Dataset excerpt
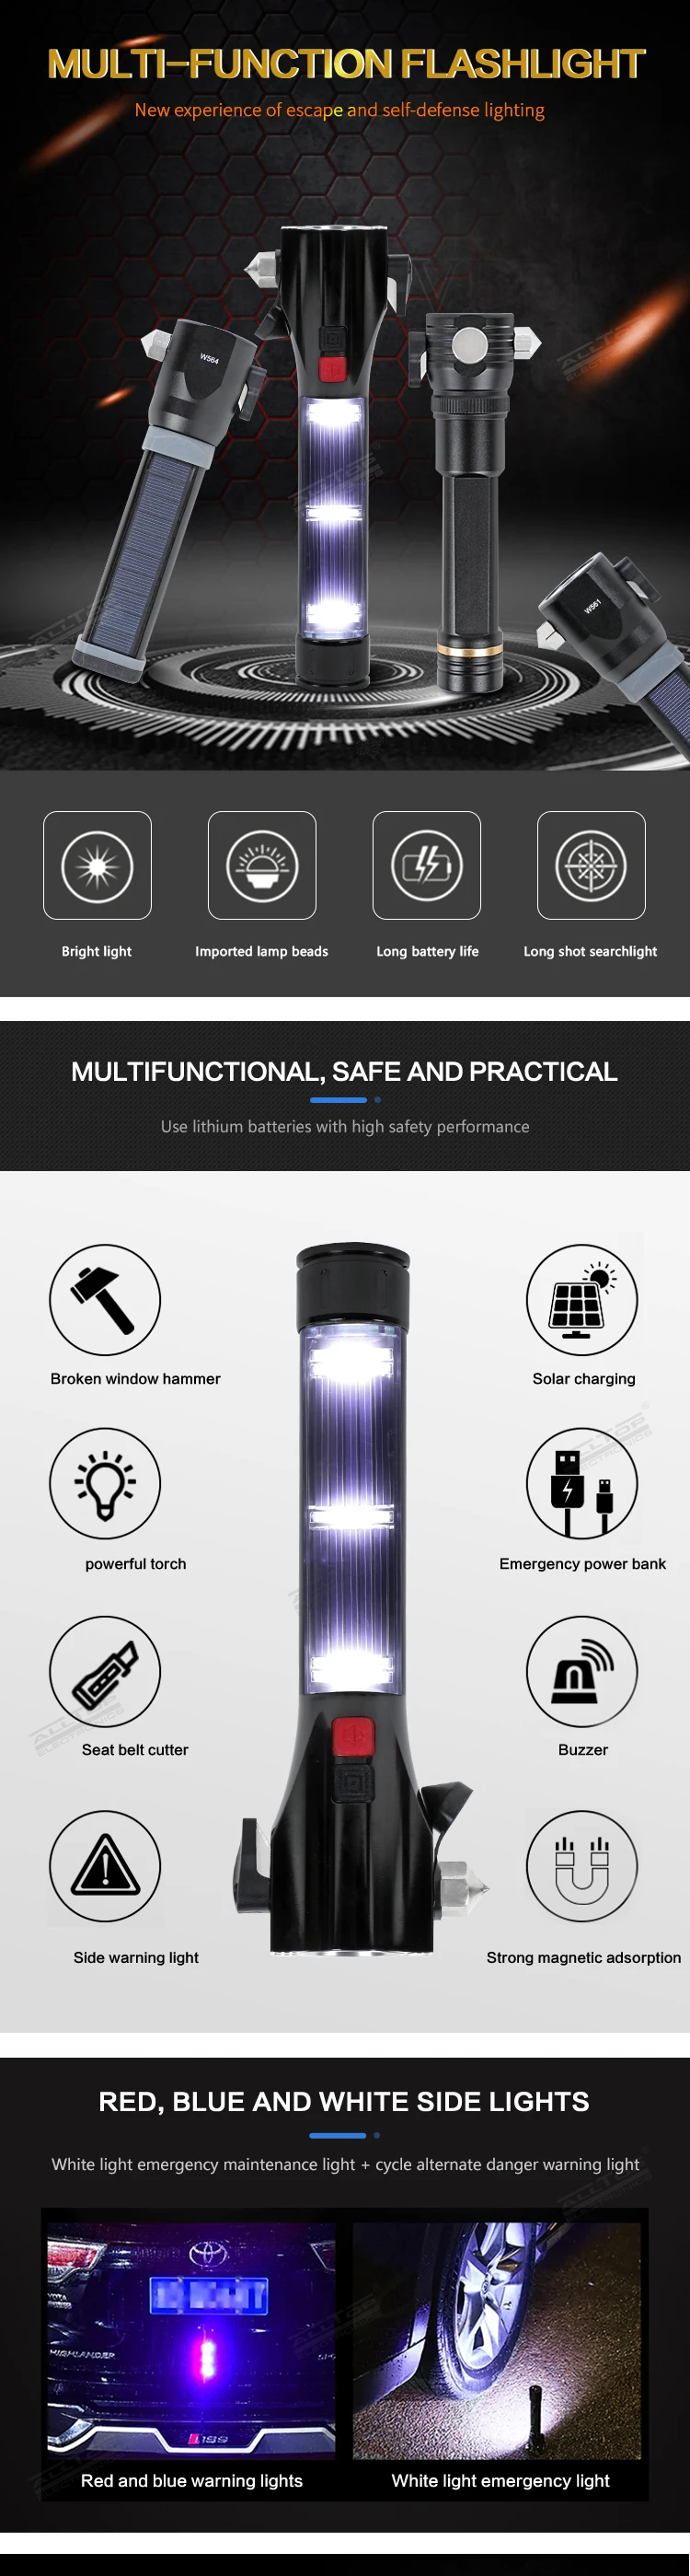 ALLTOP Multipurpose aluminium waterproof camping USB rechargeable solar flashlight
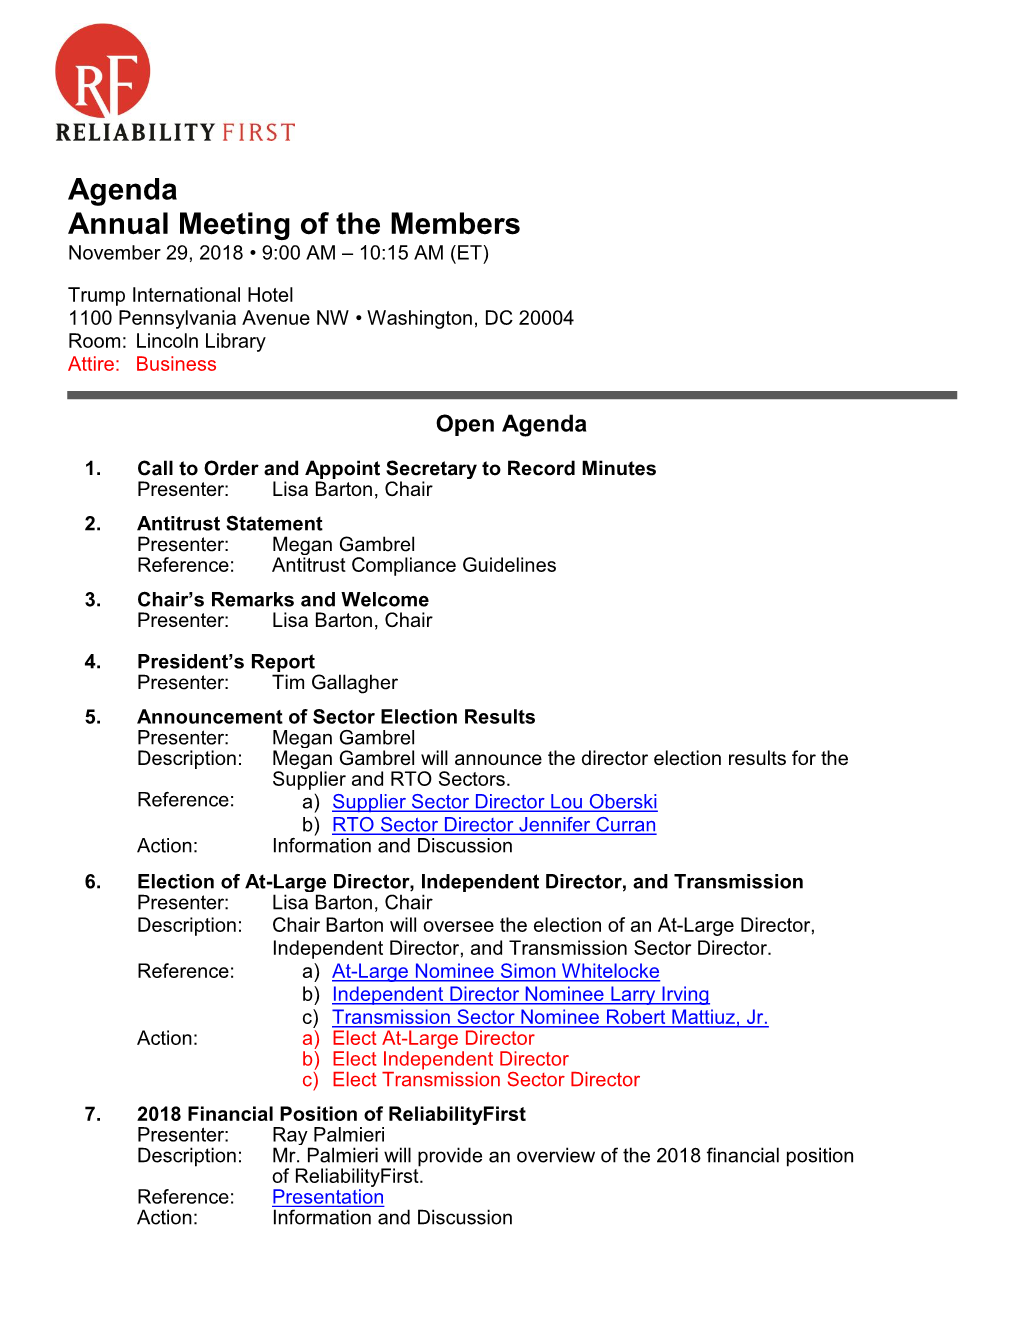 2018-11-29 Annual Meeting of Members Agenda
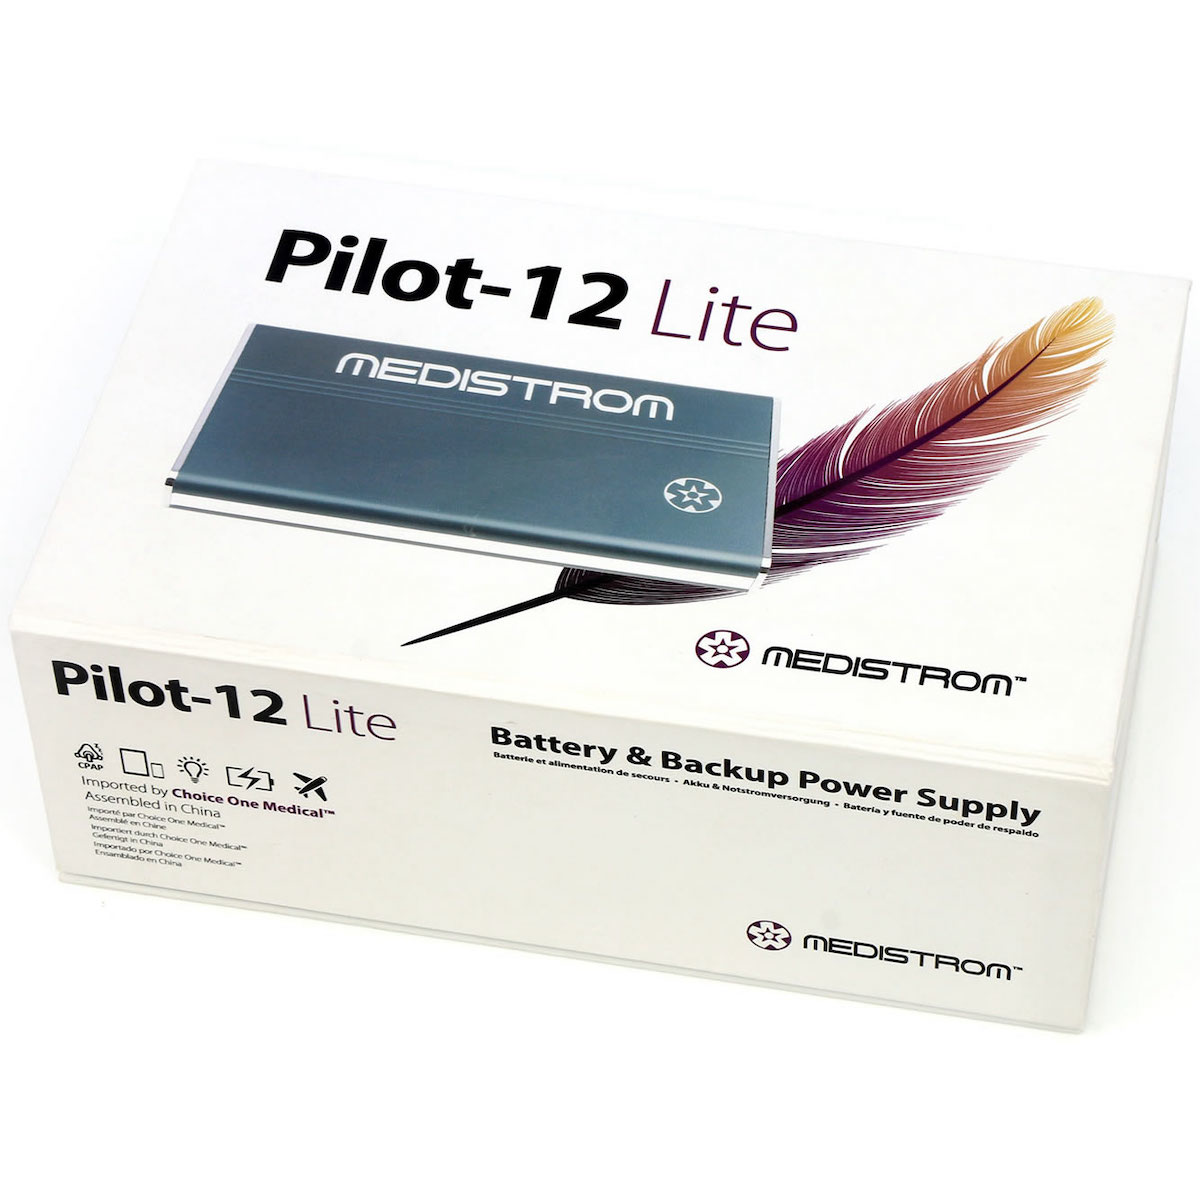 Pilot-12 Lite in the box

Task instructions
When you return the listing, keep it exact and omit any pictures it holds.

Reply
 ALLTOP Multipurpose aluminium waterproof camping USB rechargeable solar flashlight
 2018-11-29 Annual Meeting of Members Agenda
 Pilot-12 Lite in the box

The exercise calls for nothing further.